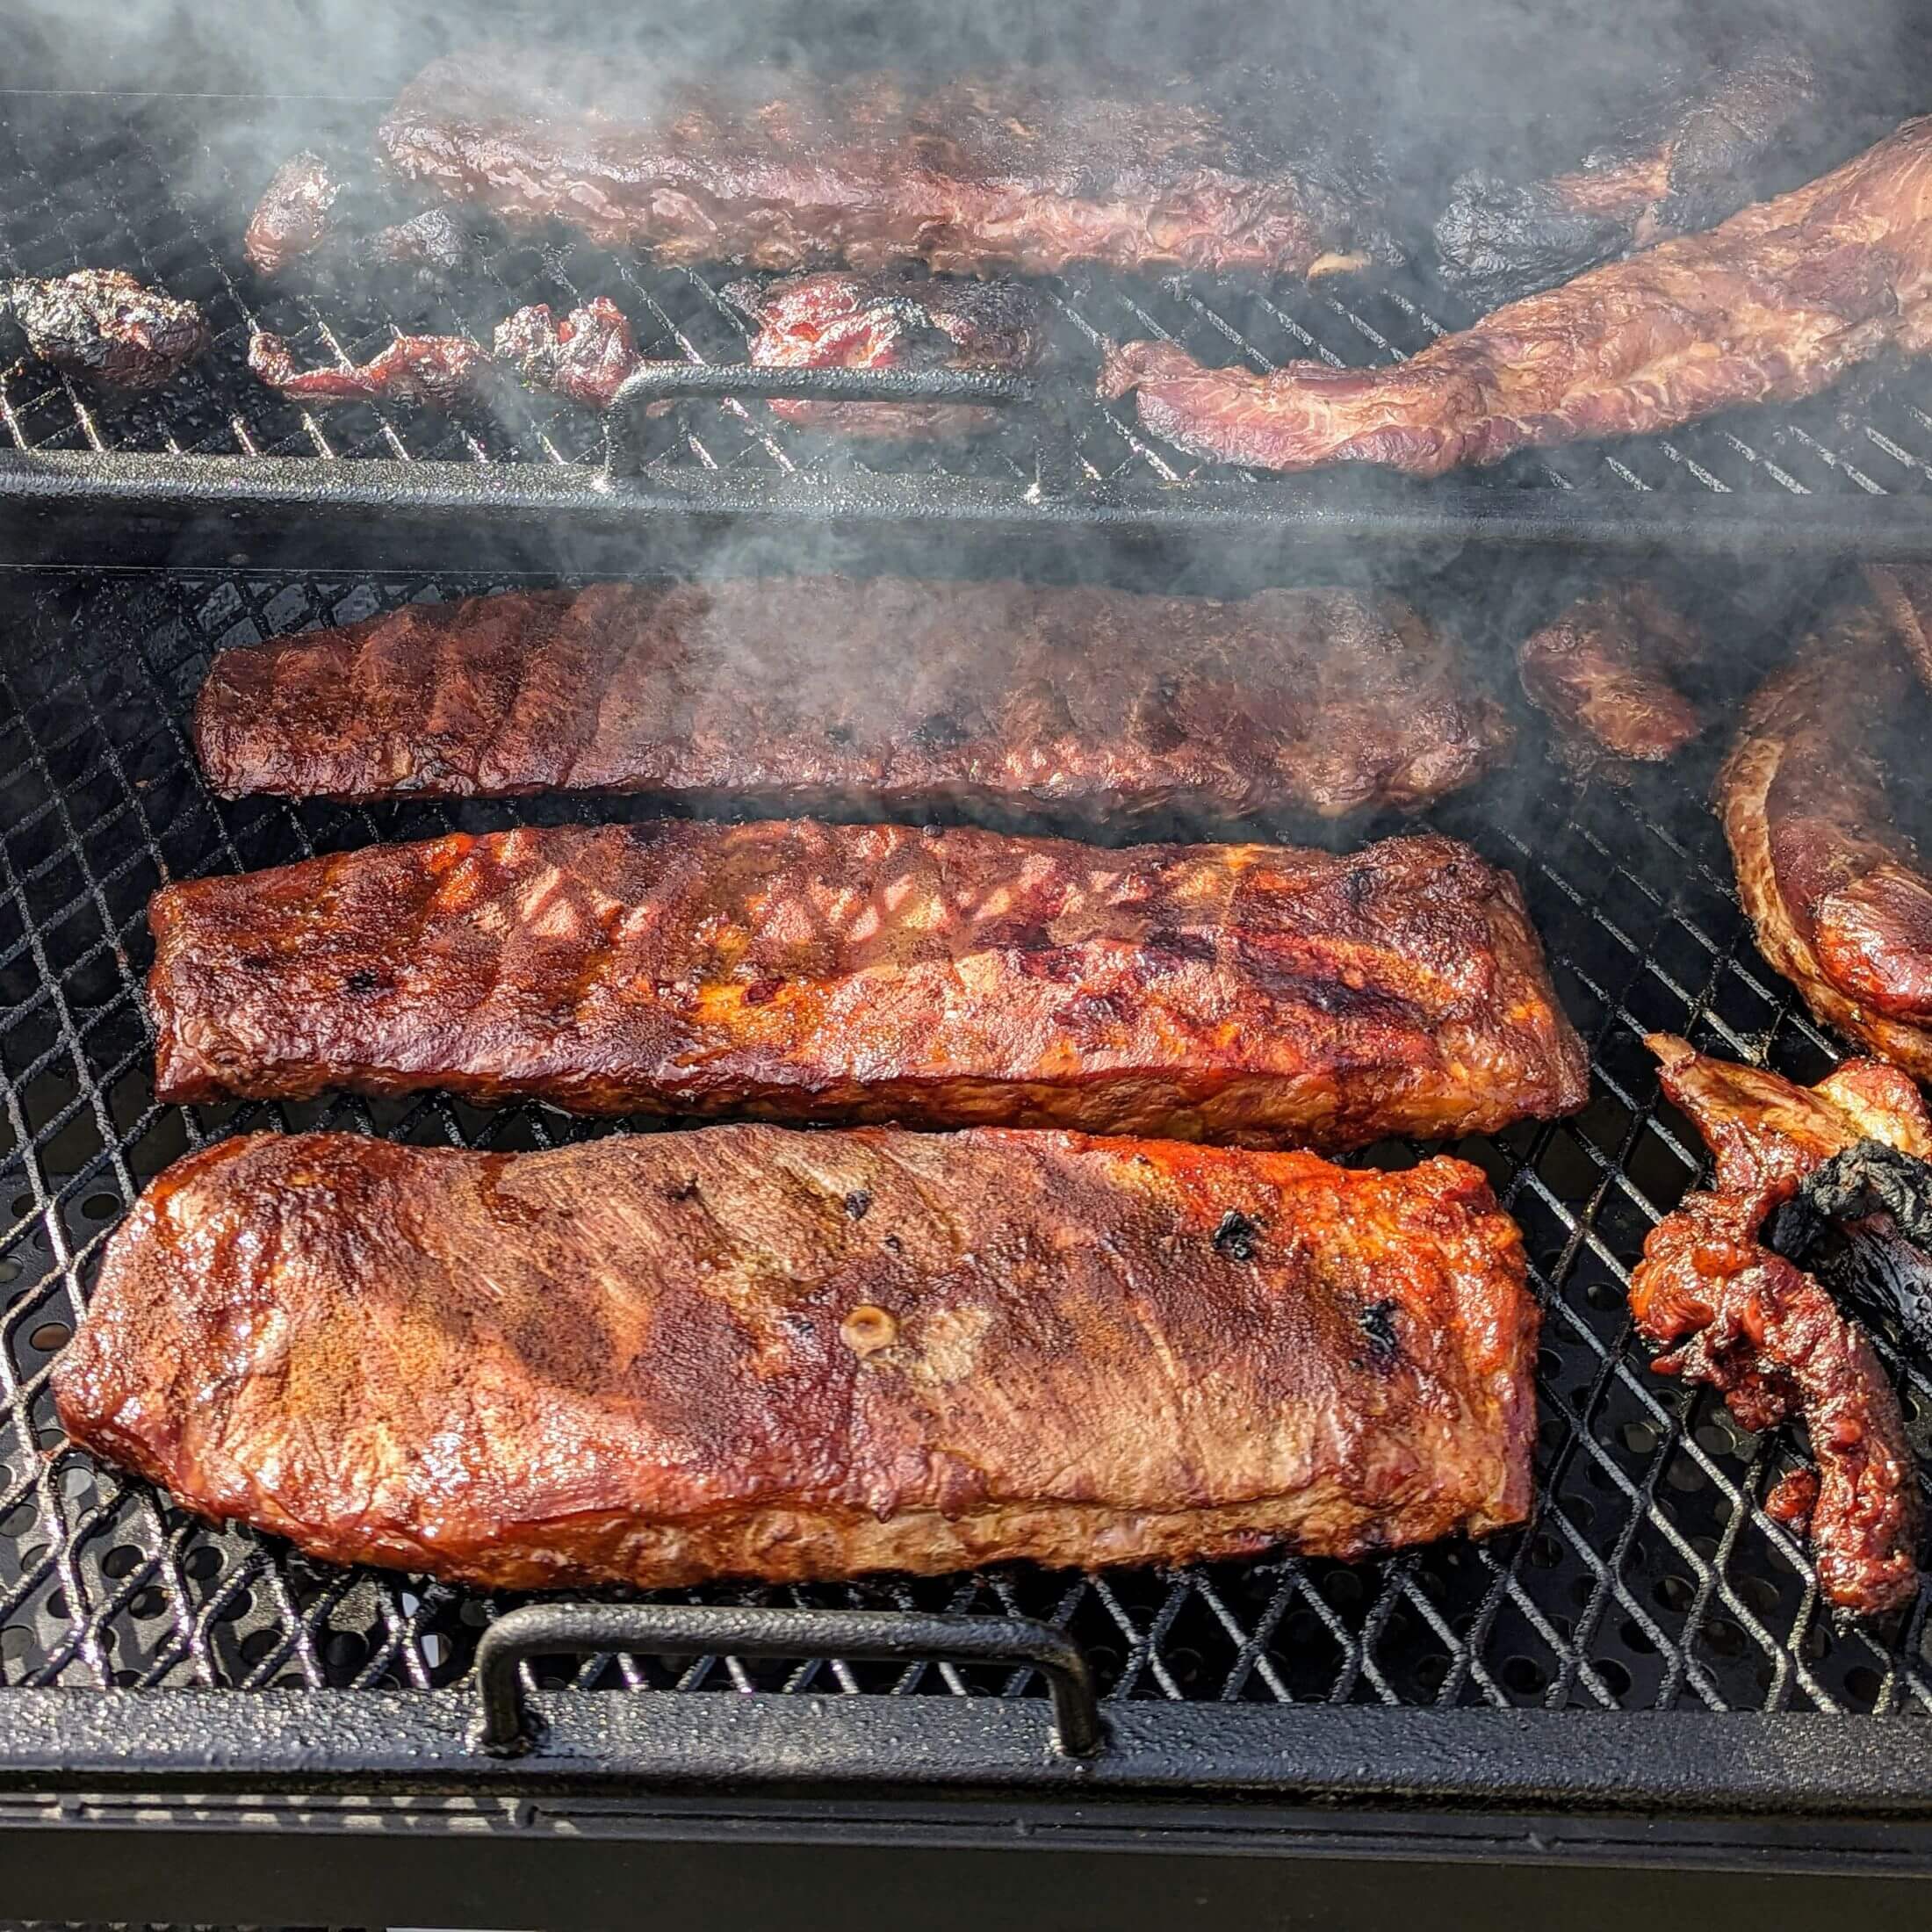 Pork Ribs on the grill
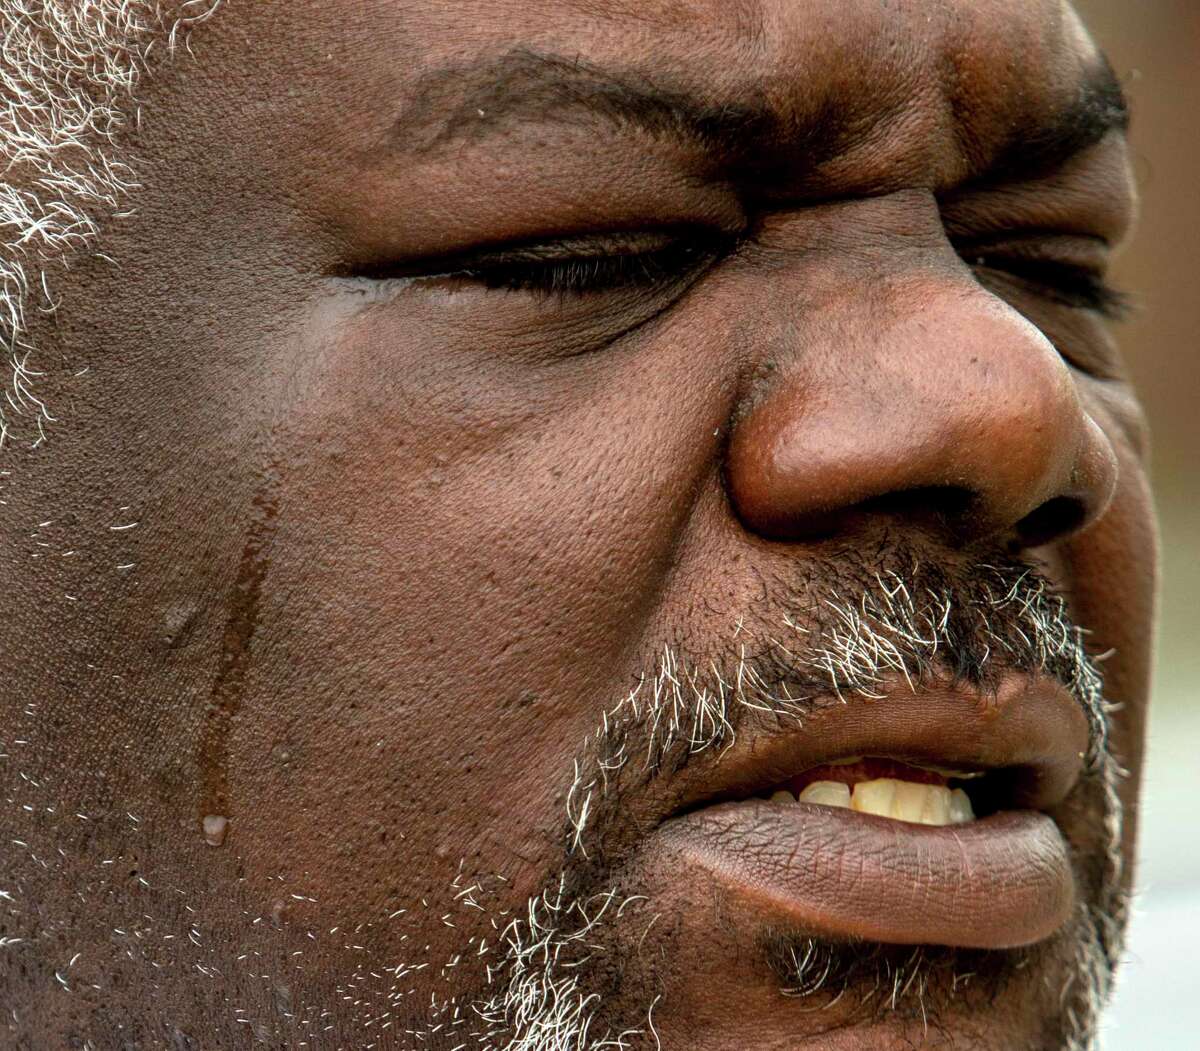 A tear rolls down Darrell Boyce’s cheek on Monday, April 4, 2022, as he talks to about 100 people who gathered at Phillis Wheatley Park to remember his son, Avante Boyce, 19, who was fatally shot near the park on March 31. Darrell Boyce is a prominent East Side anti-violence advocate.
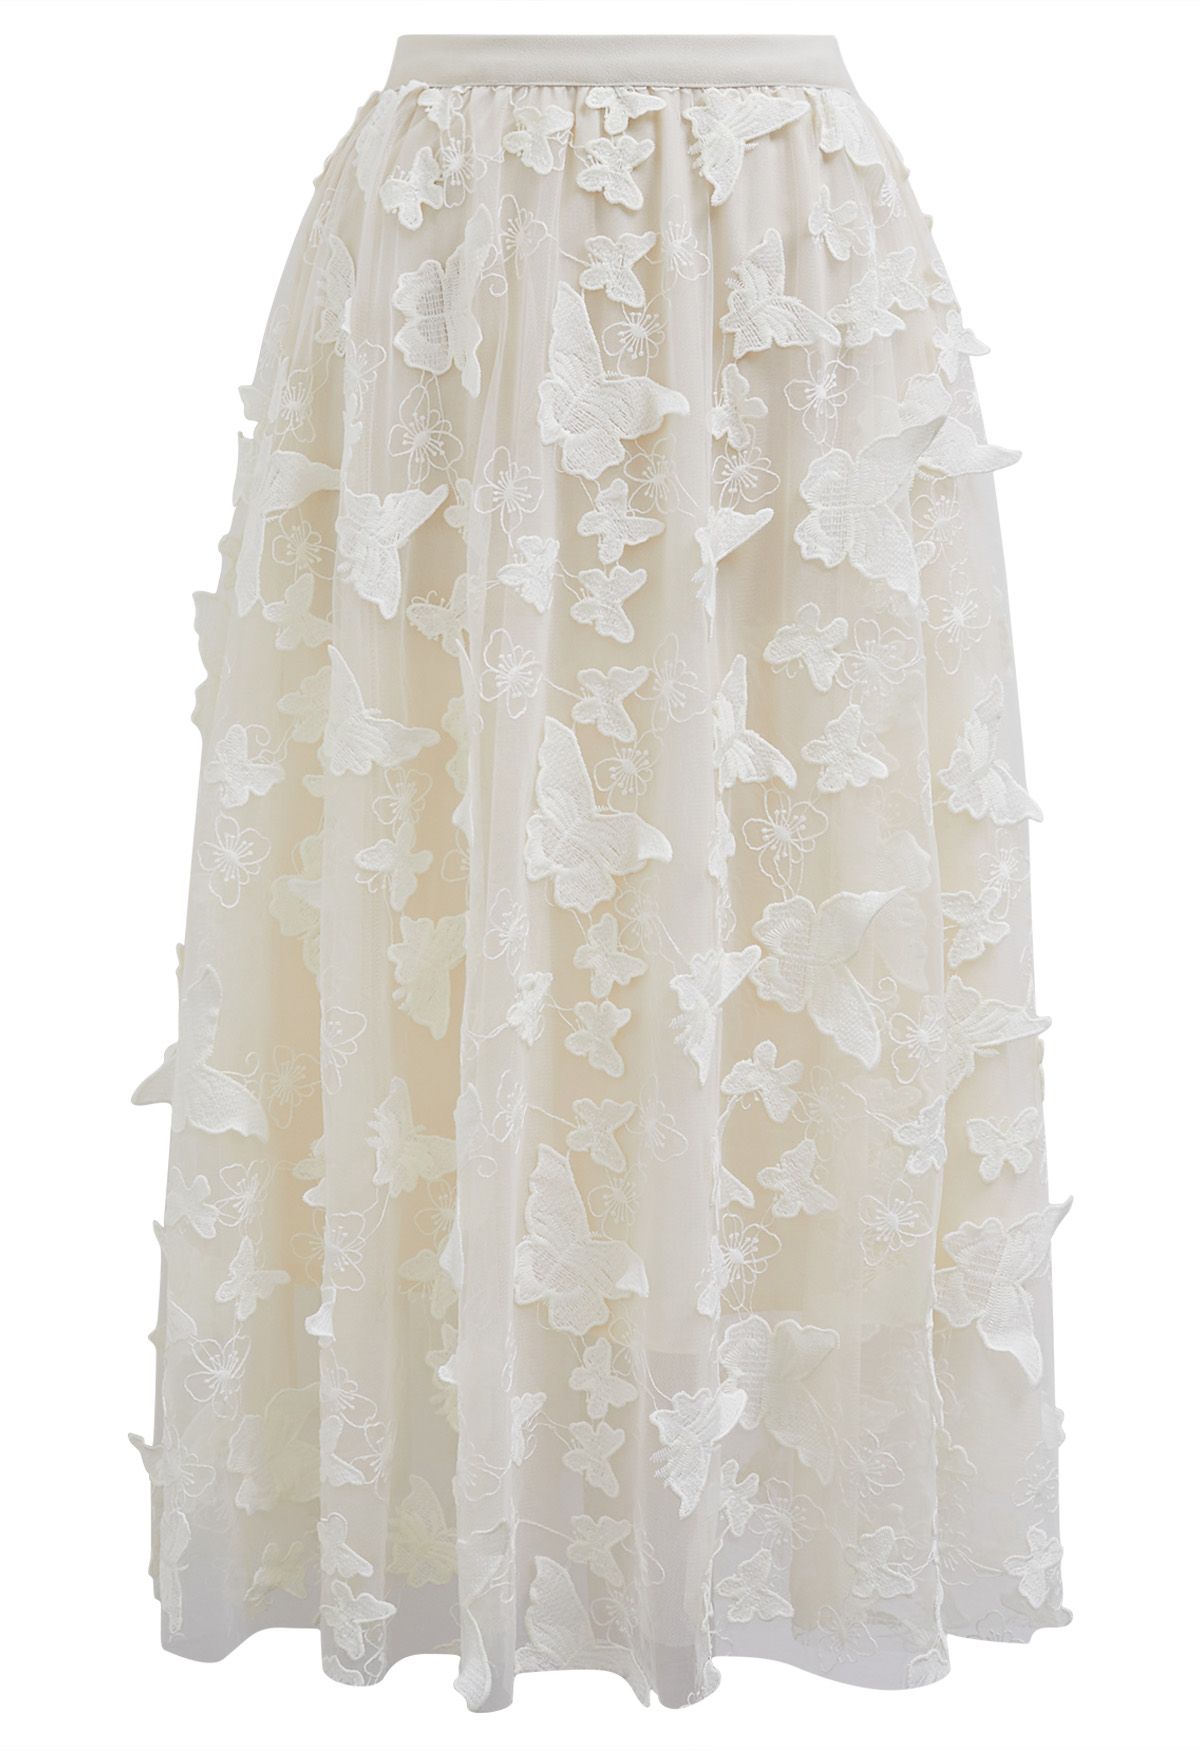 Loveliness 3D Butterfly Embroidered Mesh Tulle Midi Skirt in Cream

════════════════════

**WORK ITEM**
Take the line with "A tear rolls" and each line after it through the end of the material above, and reproduce them exactly, both ends included, without pictures.

**TASK RESPONSE**
 A tear rolls down Darrell Boyce’s cheek on Monday, April 4, 2022, as he talks to about 100 people who gathered at Phillis Wheatley Park to remember his son, Avante Boyce, 19, who was fatally shot near the park on March 31. Darrell Boyce is a prominent East Side anti-violence advocate.
 Loveliness 3D Butterfly Embroidered Mesh Tulle Midi Skirt in Cream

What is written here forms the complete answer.